I'm using temporary the DDPG algorithm. I would like to try to use the LSTM network.

I changed in AC_net_keras the line nr. 10 for this purpose to
from .NN_keras_LSTM import NN

When I'm trying to start the optimisation following error occurs:
"Q_net = neural_network_critic(self._batch_size, self._input_dimensions, self._n_actions, self._random_state, True)

TypeError: init() takes 5 positional arguments but 6 were given"

How is it possible to use it?

Thanks
dynamik

TypeError: _buildDQN() takes exactly 2 arguments (1 given)

I am runnning the run_ALE.py, and I use the keras model:

from deer.q_networks.q_net_keras import MyQNetwork.

However, this goes wrong.

Traceback (most recent call last):
File "run_ALE.py", line 85, in
rng)
File "/share/syou/deer/local/lib/python2.7/site-packages/deer/q_networks/q_net_keras.py", line 60, in init
self.q_vals, self.params = Q_net._buildDQN()
TypeError: _buildDQN() takes exactly 2 arguments (1 given)

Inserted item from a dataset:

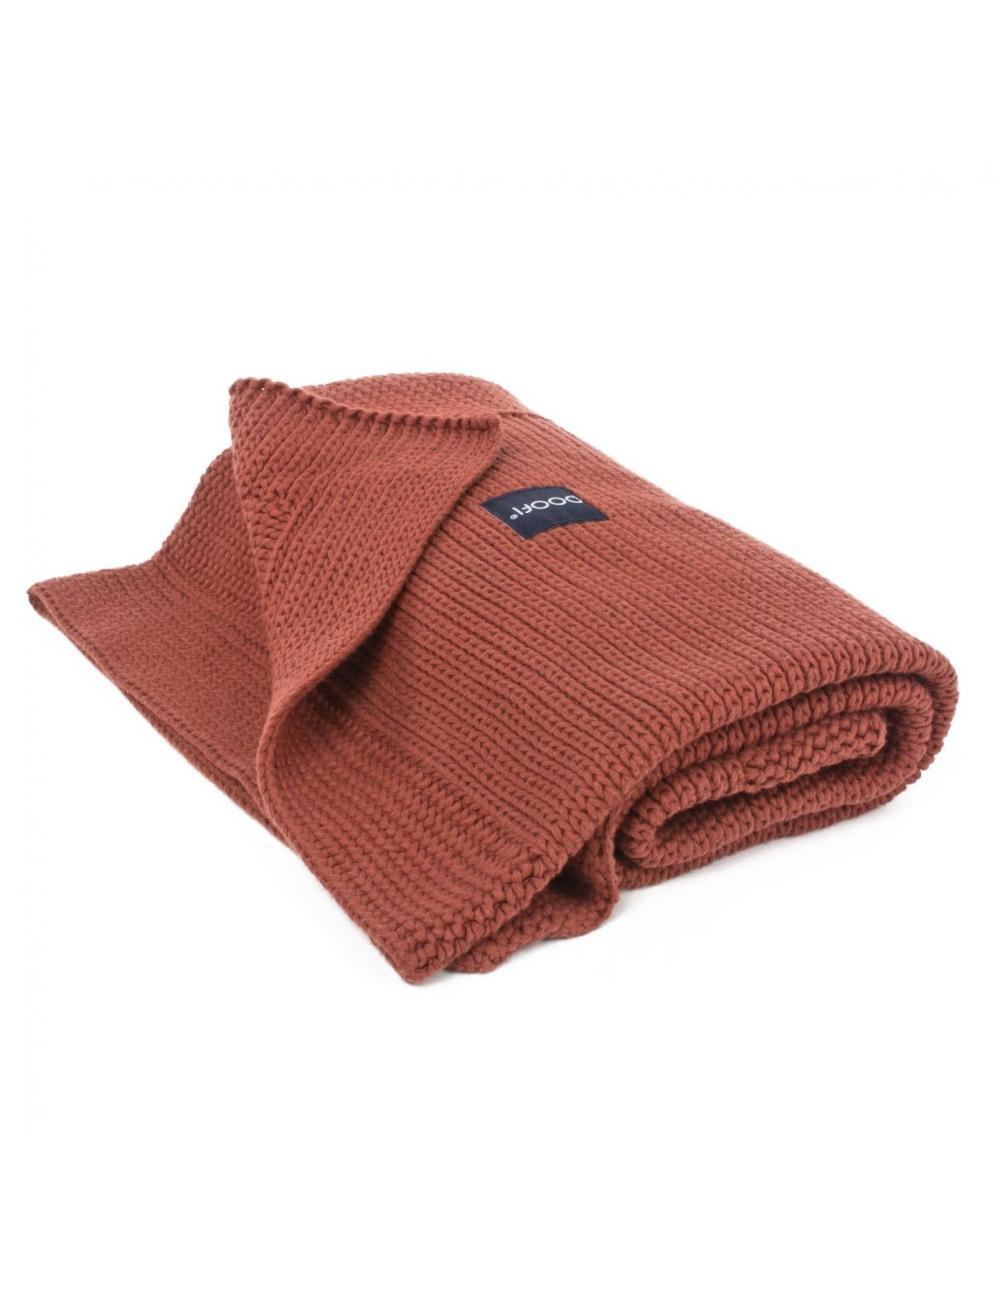 Knitted baby blanket | bricktest
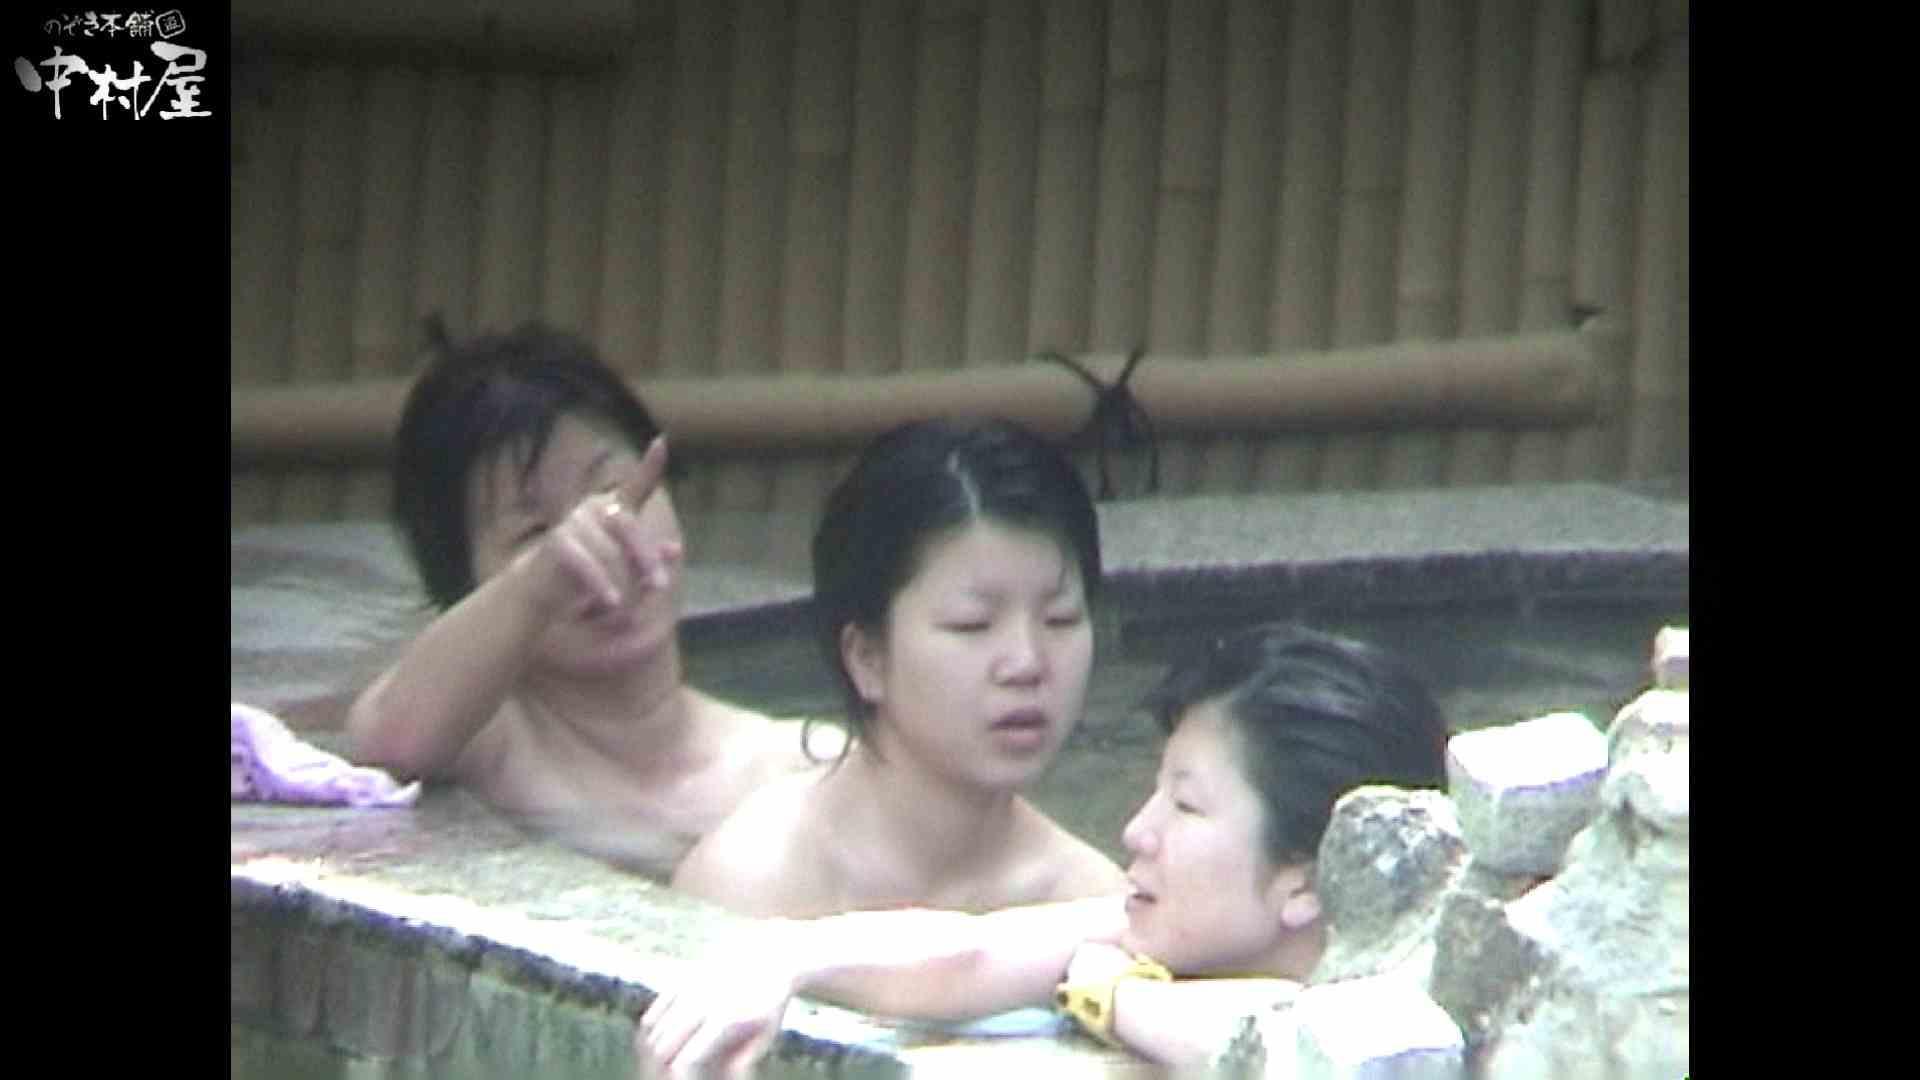 Aquaな露天風呂Vol.936 盗撮 AV無料 78枚 44

Btw, when I use theano, it goes well. Any ideas?

q_networks.AC_net_keras, q_networks.q_network_keras and q_networks.q_network_theano only use 95mb of GPU

Do you happen to know a reason why it would use such little GPU memory? Trying to use the library but running into issues with this. It's saying that the GPU has no more space but the GPU has way more space than 95MB

Q_network set / dump does not work as expected

Hi Vince, thank you so much to offer this useful toolbox for us. I just find the Q_network cannot be dumped and resumed with setNetwork / dumpNetwork appropriately. The Learning rate / Epsilon / Discount factor cannot be transferred from trained model to the new one. We can add some tags in the agent.py in the _runEpisode after self._total_mode_reward += reward as follows:
print 'Action is {}, V is {}'.format(action, V)
print '#{} --- Reward is {}:'.format(maxSteps, reward)

TRPO algorithm

Hi Vince, many thanks to your fantastic work! I would like to know if there is a plant to support the TRPO algorithm? Thanks a lot!